1R 武田は場内の「ローキック」の声に応え、右・右・左とローキックを繰り出していく。しかし、リーチのあるライトは右ストレートを伸ばしてきて武田の顔面にヒット。続いてボディストレートを放ってくるが、2発目のボディストレートを見て取り、武田はカウンターの右フックをヒットする。ロープに詰められる武田だが、頭を左に振りながらの右オーバーハンドを放ってロープ際を脱し、左フックをブロックさせてからの右ローキックを当てていく。ライトの踏み込みはスピードがあり、左フックが武田の顔をかすめてヒヤリとさせる。武田はバックステップは用いず、ライトが打って出てくると逆にローキックをカウンターする。しかし終盤はセコンドの指示を聞き、武田は正面に立たず、あるいはバックステップも交えてライトの攻撃をかわしていく。

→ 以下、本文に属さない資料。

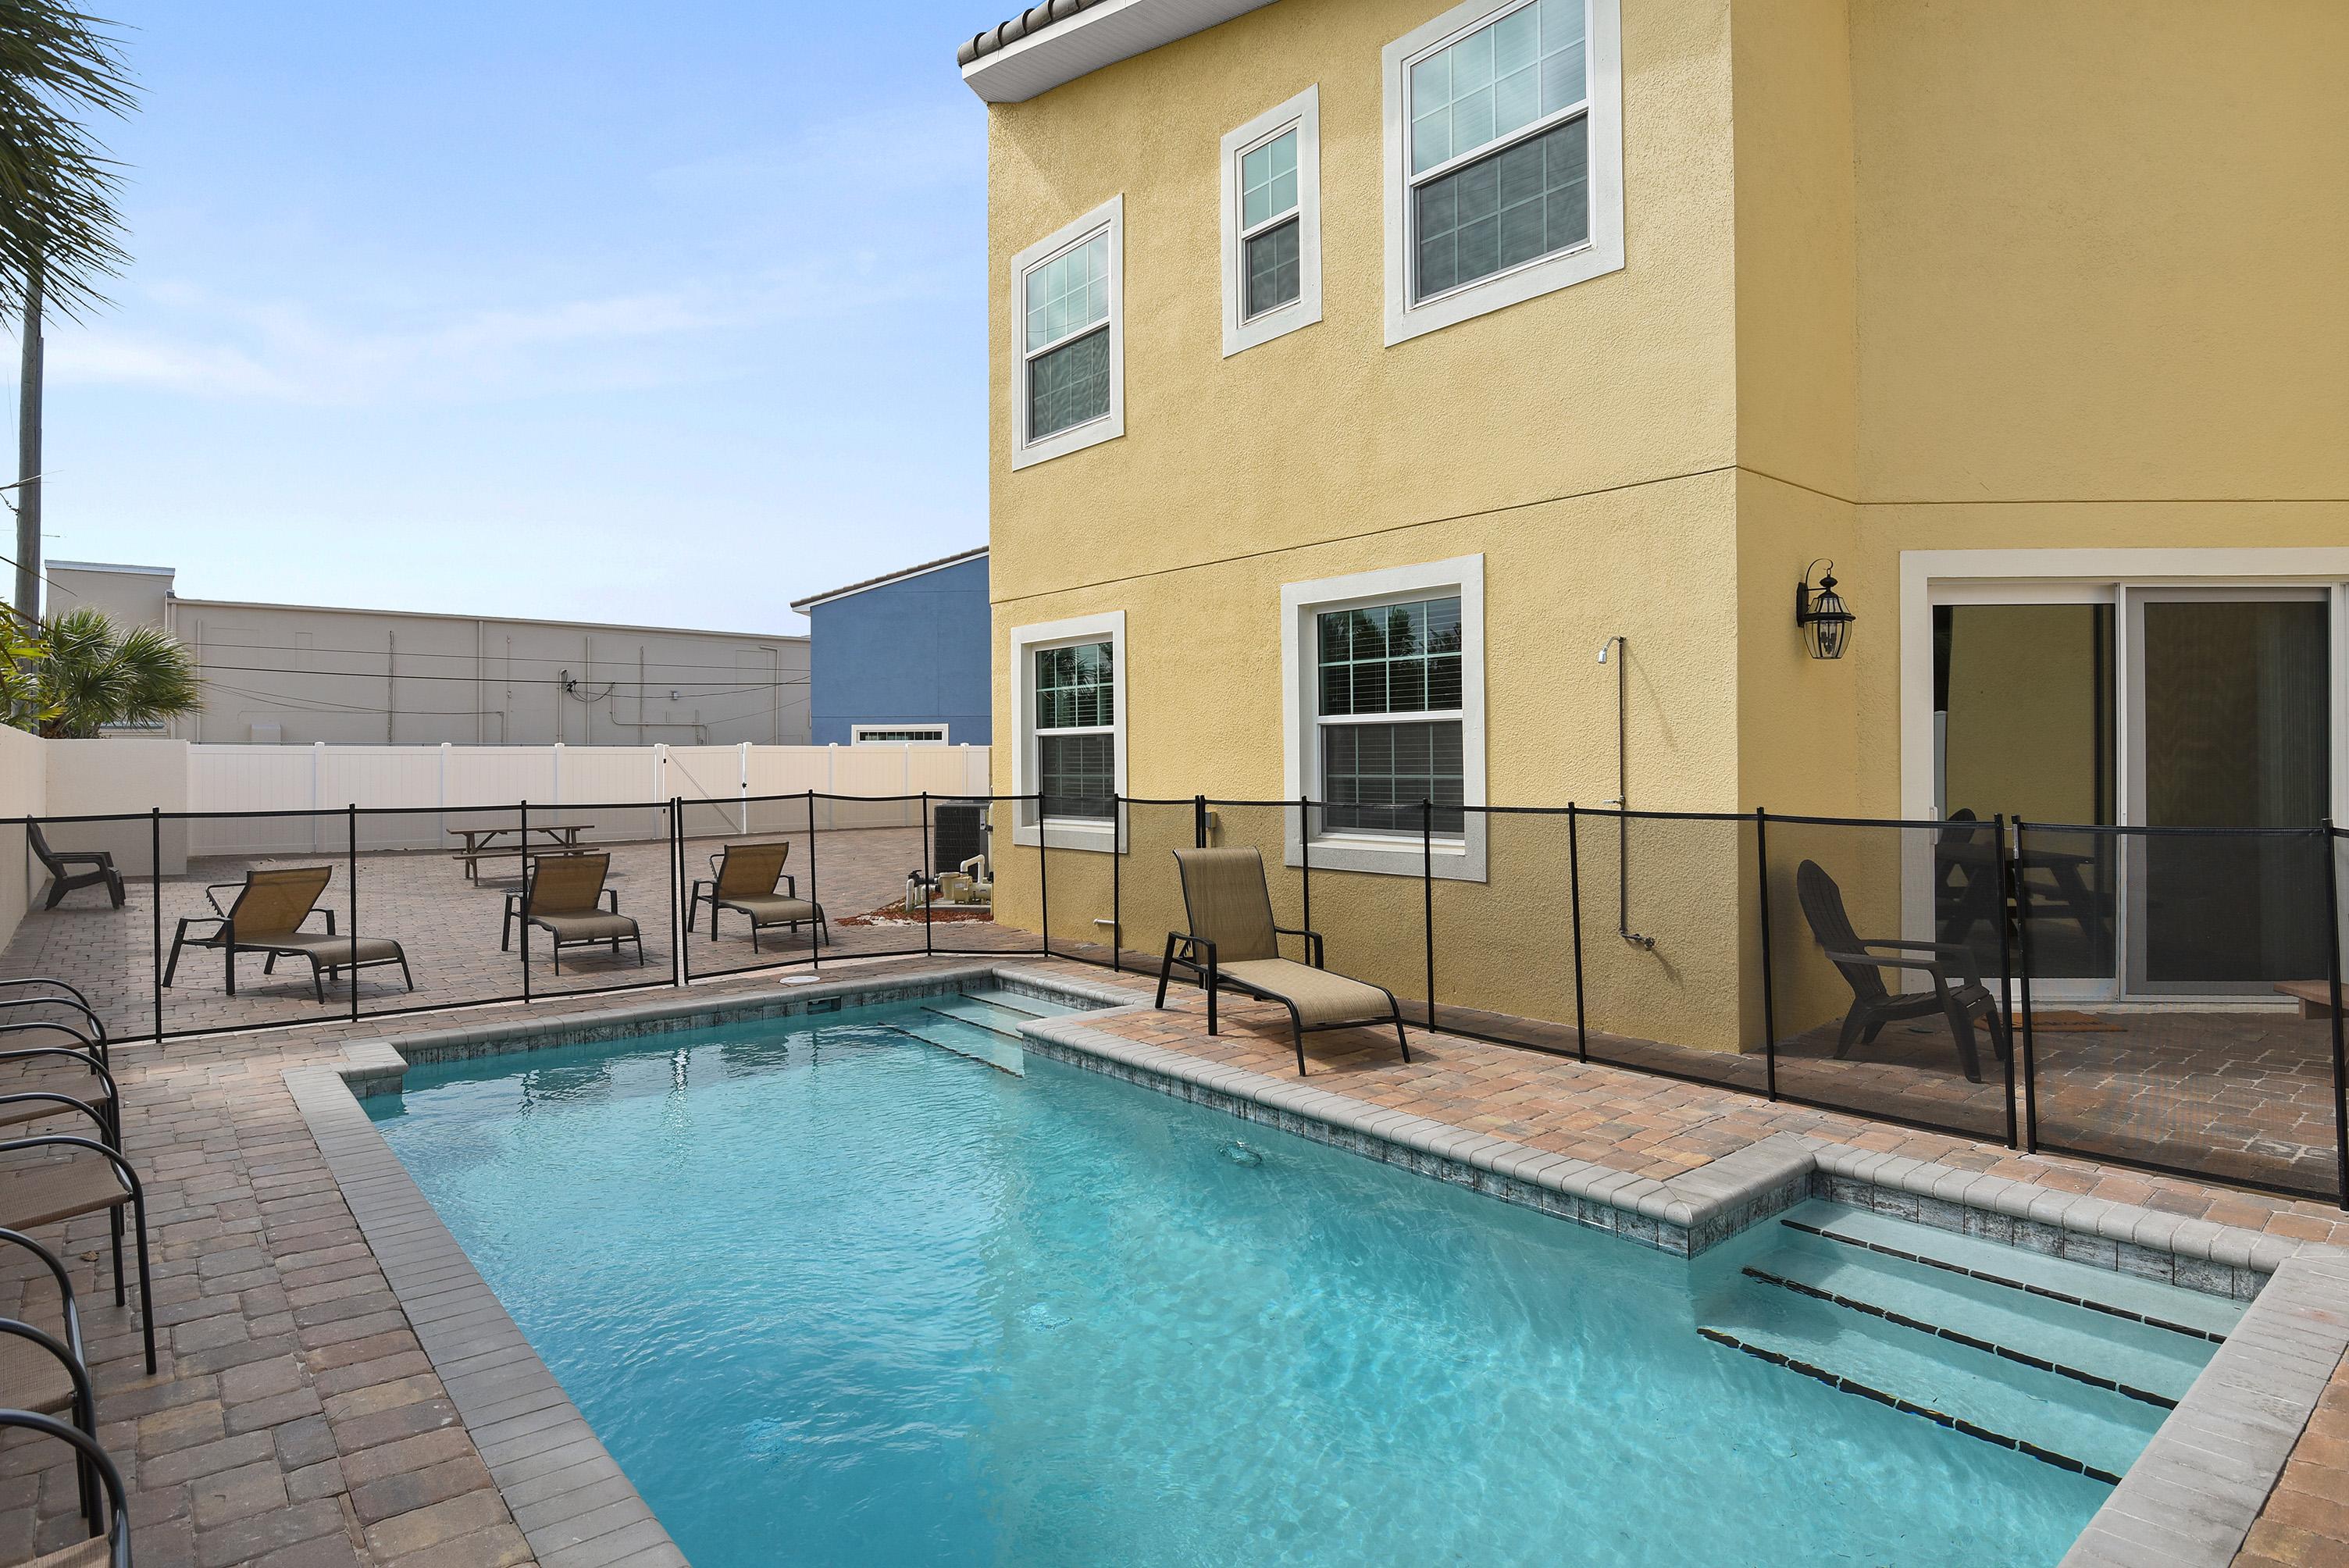 Pool outside of property
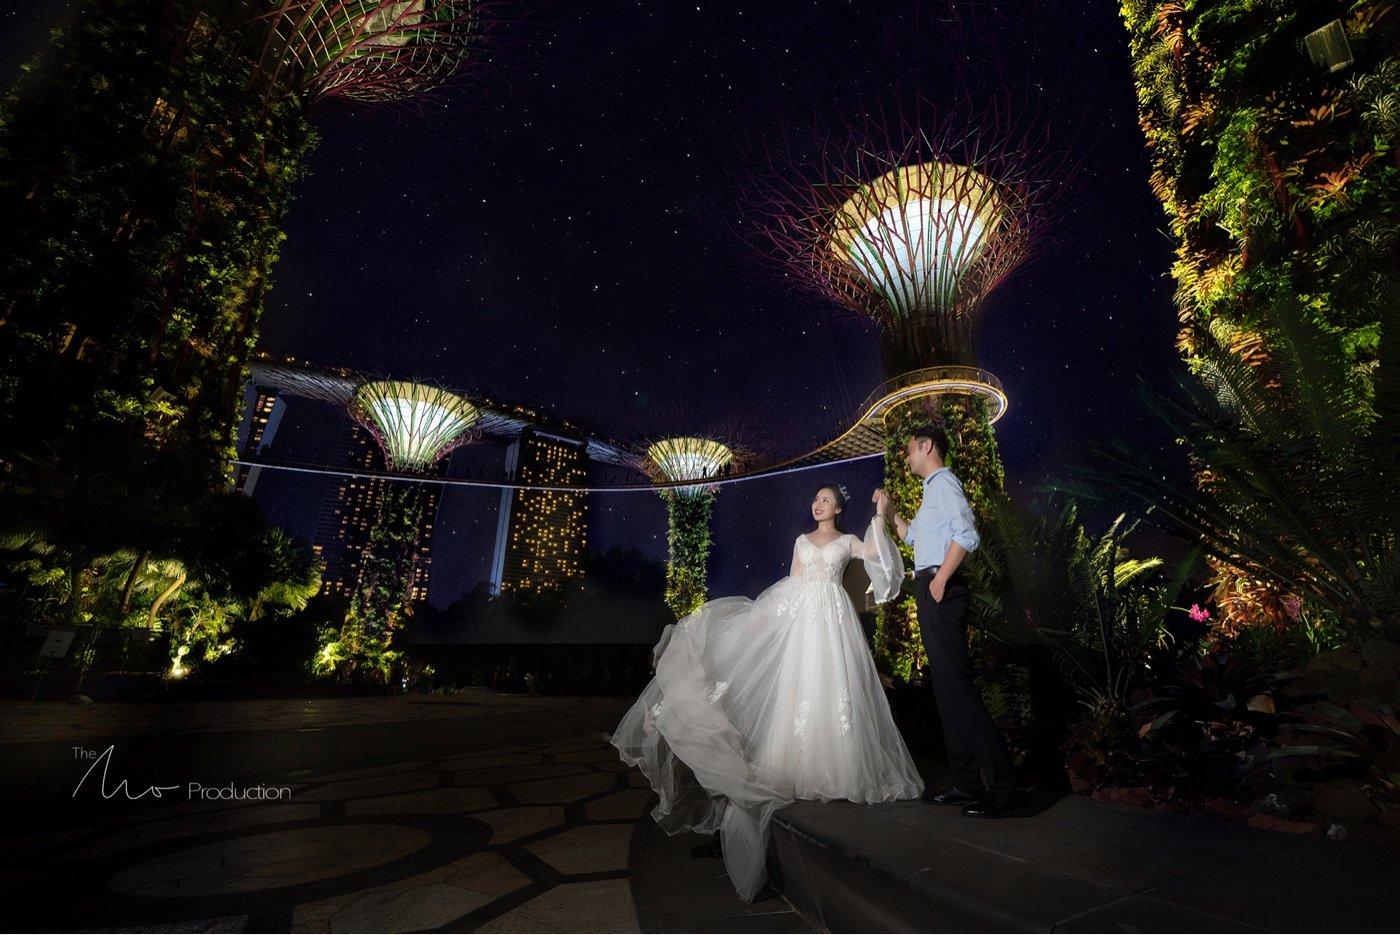 MoFoTo | 新加坡旅拍婚纱13

2R ライトは武田をロープに詰めて右ストレートと左フックで襲い掛かる。武田はガードを固めてパンチを防ぎ、右ローキックを蓄積させていく。右フックのカウンターを決め、武田はライトを下がらせる。しかし、ライトはまたすぐに前へ来る。武田は右フックのカウンターを見せ、右ローを放っていく。ライトは長身から発するプレッシャーで武田にロープを背負わせ、自らも右ローキックを放ってくる。武田は右ロー、左内股ロー。ライトは足のダメージが隠せなくなってきたか、武田のローに大きなリアクションを示し始める。武田はライトのストレートをグローブで弾きながら右ローへ繋ぐ。

3R 武田はこのラウンドもロープを背負う。ライトは体を浴びせるように前へ来るためクリンチとなる。ライトはパンチからミドルで前へ出て、武田をロープから逃がさない。前蹴りを決めて武田を転倒させる。ライトも左インロー、右ローと武田に負けじとローを放ってくる。さらに片足を上げたフォームから右ストレートとトリッキーな攻撃で武田を攻める。武田の右ロー、左インロー、左アウトローが決まるが、ライトはなかなか根を上げない。ライトがガードを下げて後退したところに武田は左フックを見舞い、これがきれいにヒット。さらにライトにロープを背負わせると左ローを打ち込み、試合を終了する。

 判定は30−30、30−29、30−29の2−0で武田。3ラウンド最後の場面で攻め立てたのが勝利を呼び込んだか。